- Problem description
Using the data below, return word for word every line from the one holding "Win a KOLI blanket, from" down to the one holding "Brisbane Moonlight Tango". Leave pictures out.

- Records
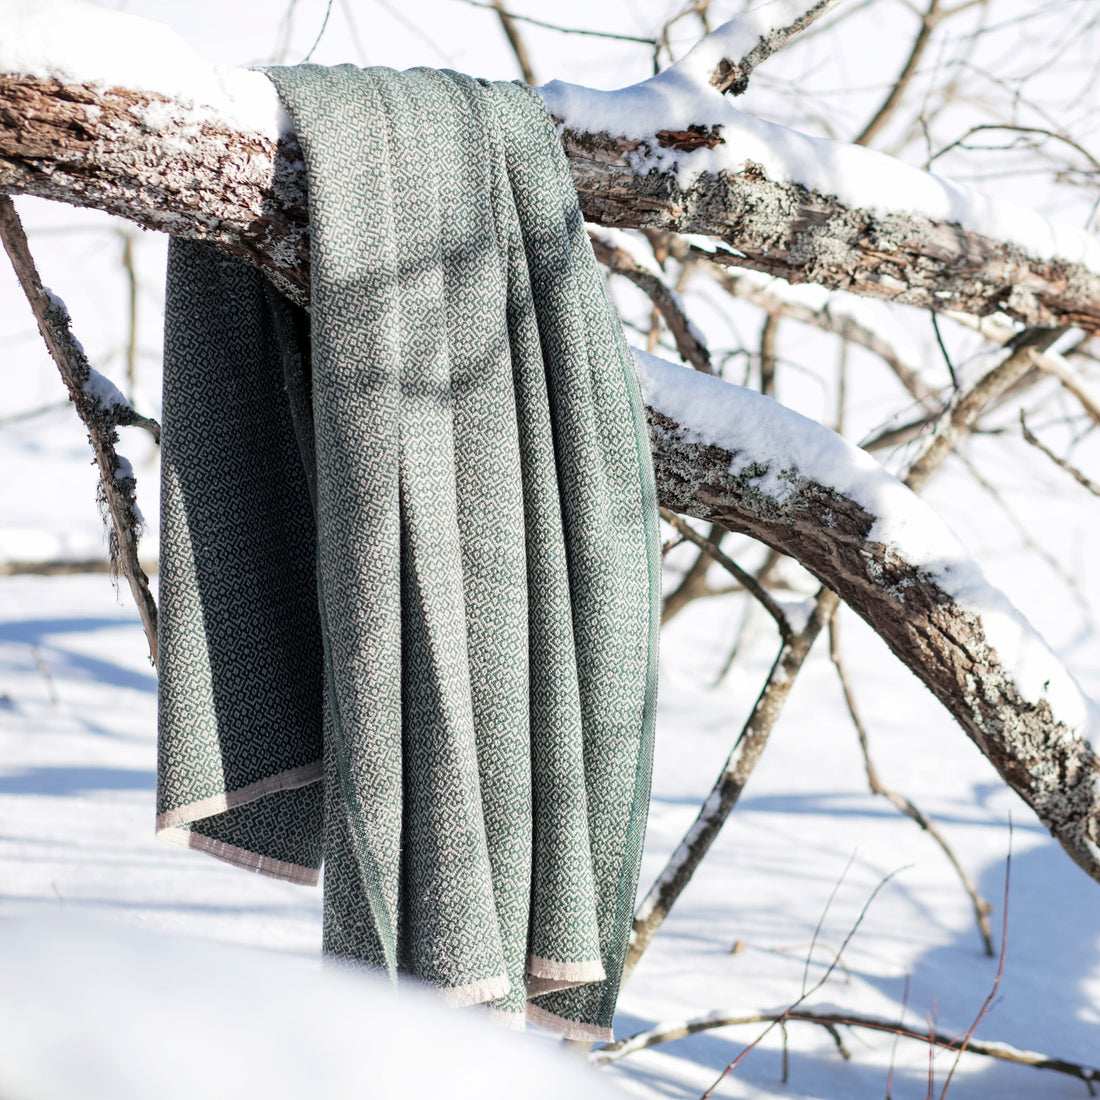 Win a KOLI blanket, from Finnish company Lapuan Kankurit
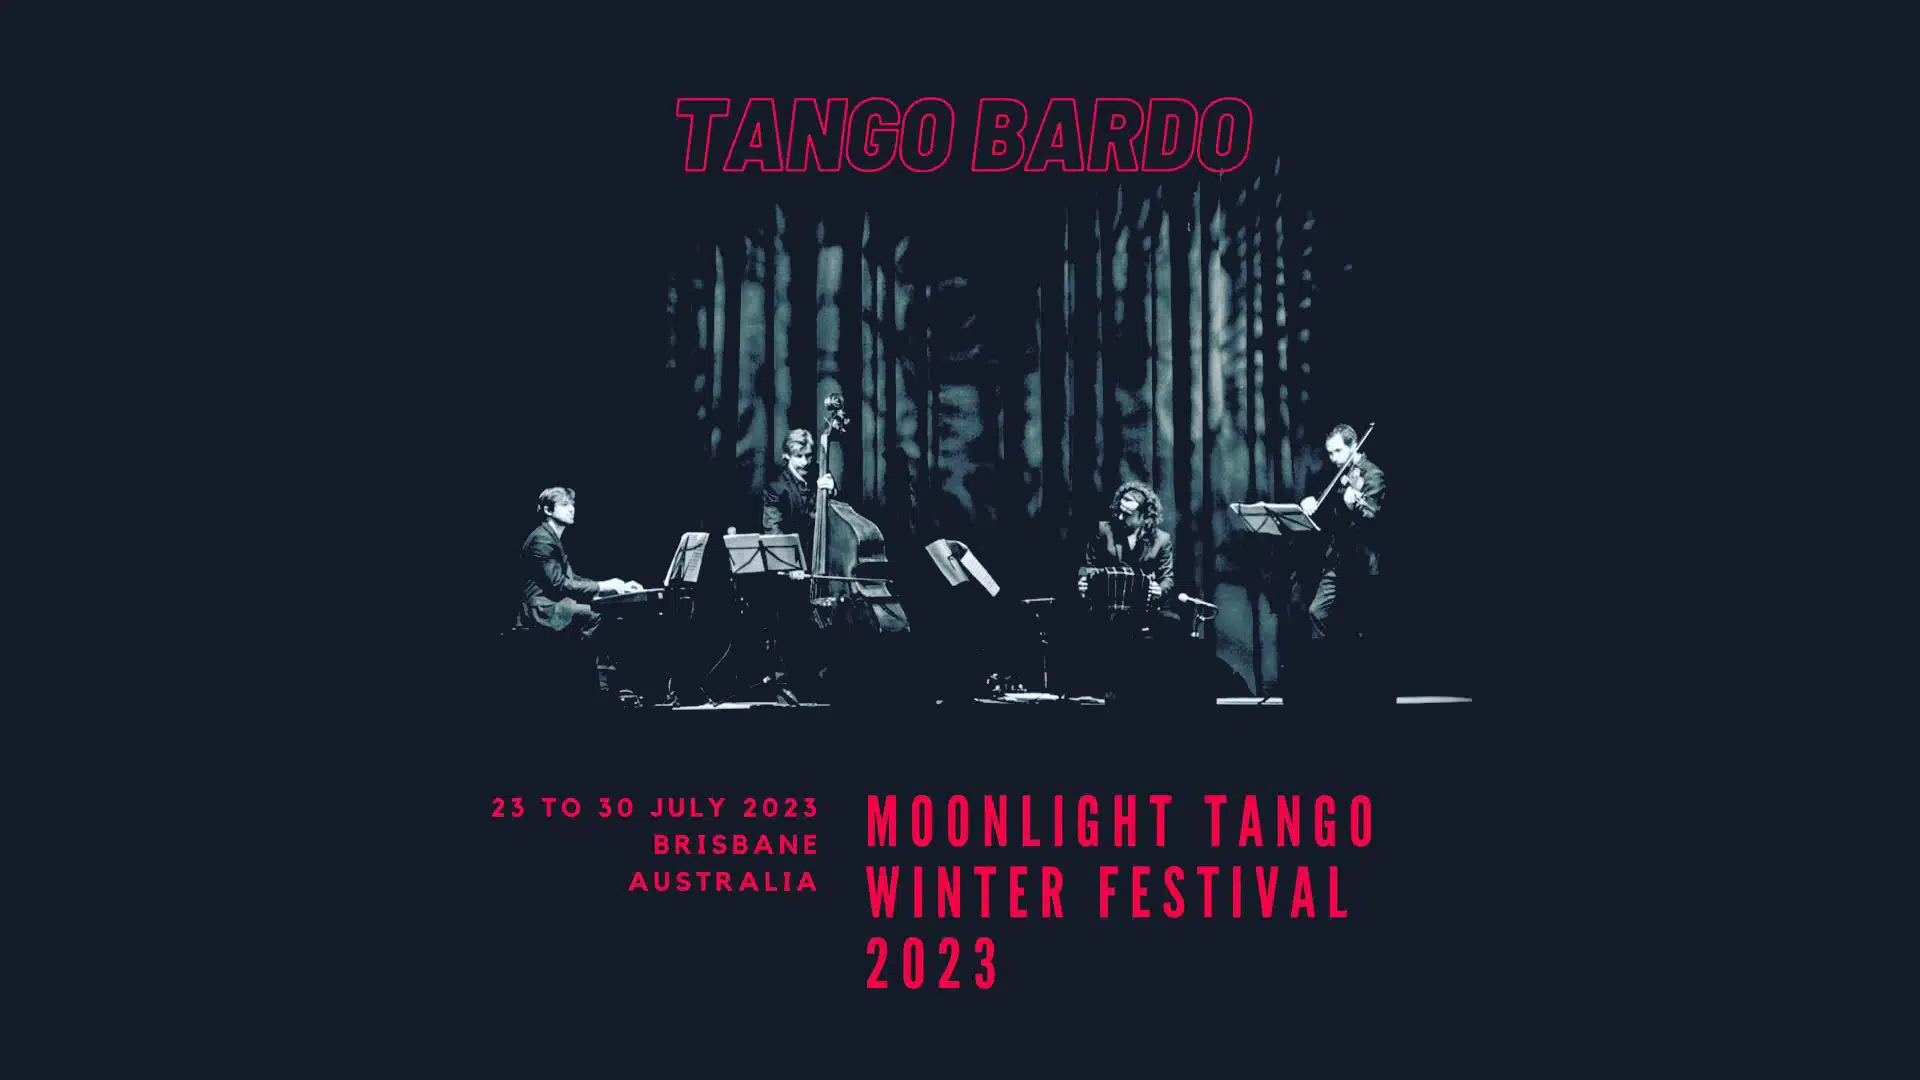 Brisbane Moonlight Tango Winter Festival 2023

...

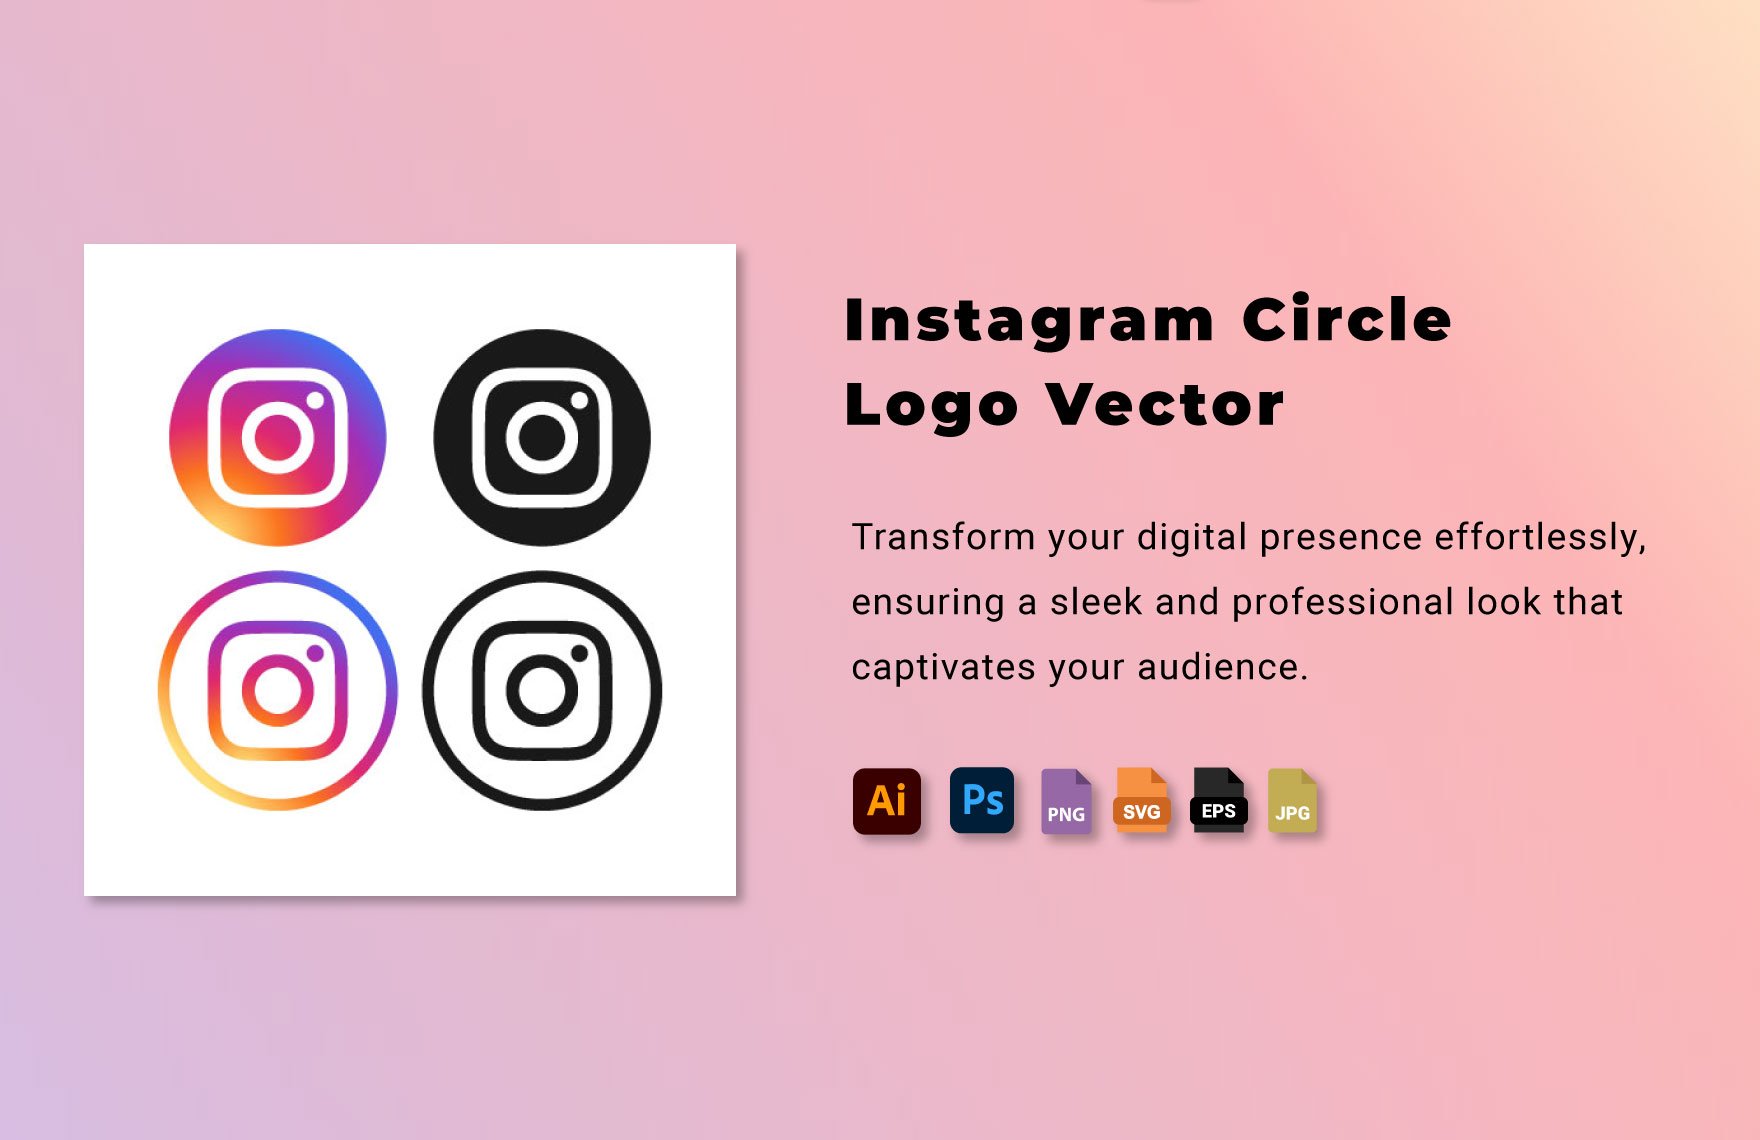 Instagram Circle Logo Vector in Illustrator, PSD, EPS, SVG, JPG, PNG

* * *

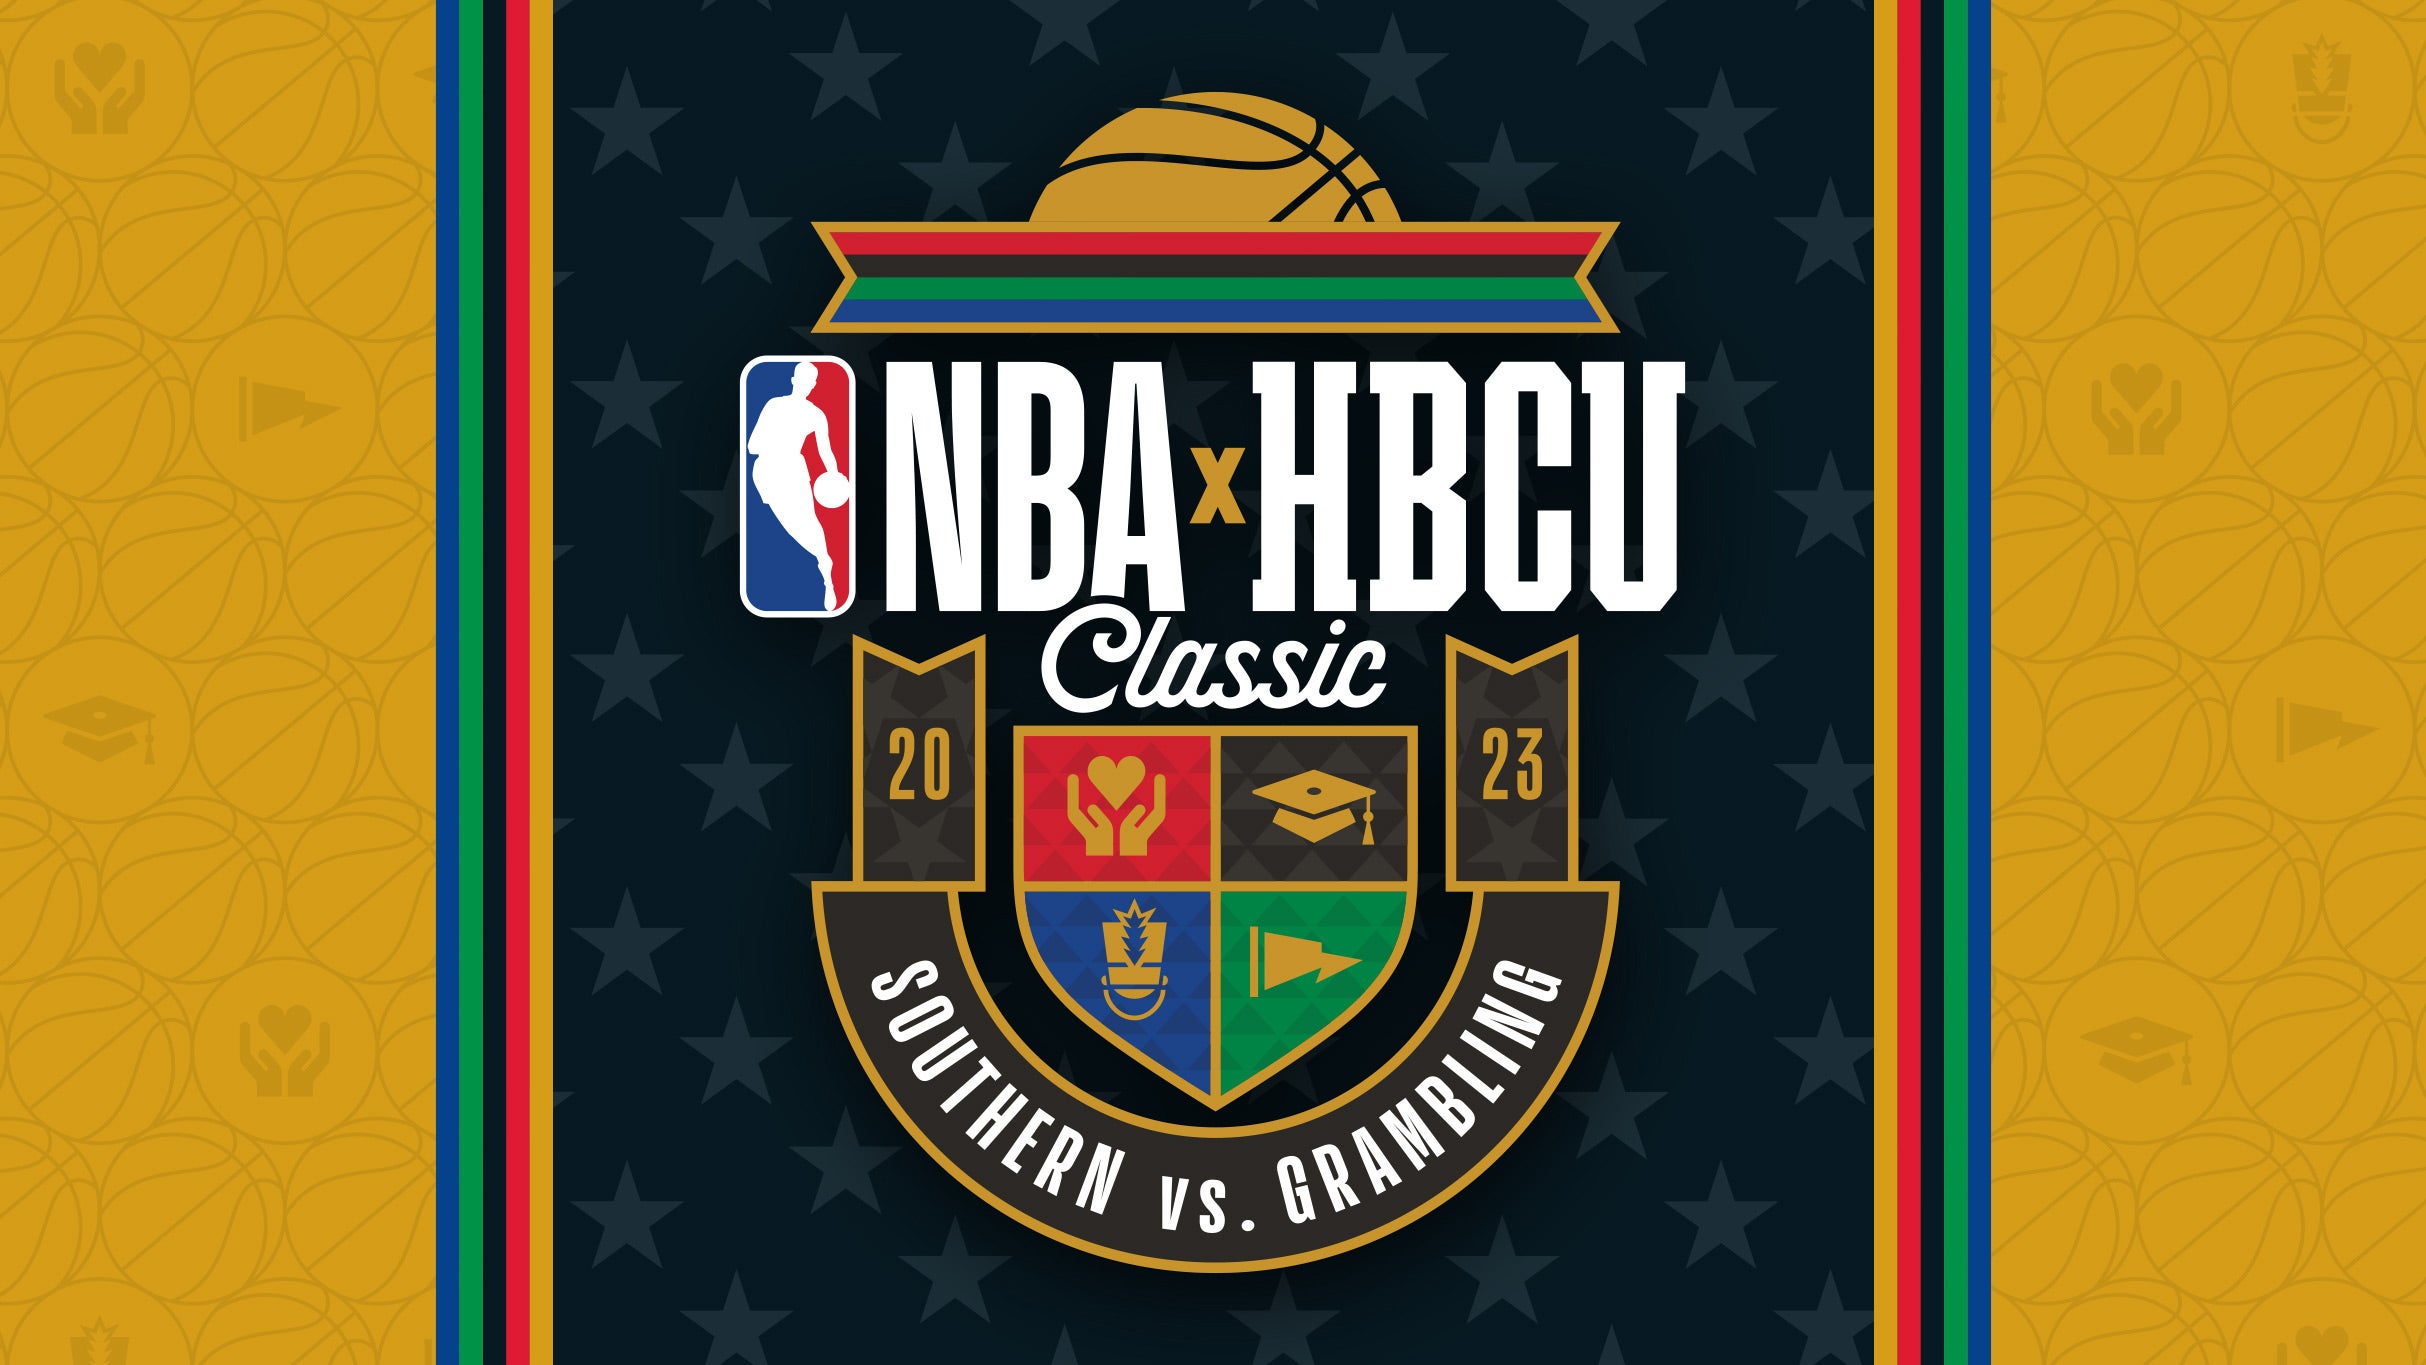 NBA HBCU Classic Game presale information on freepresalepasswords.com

- Task response
 Win a KOLI blanket, from Finnish company Lapuan Kankurit
 Brisbane Moonlight Tango Winter Festival 2023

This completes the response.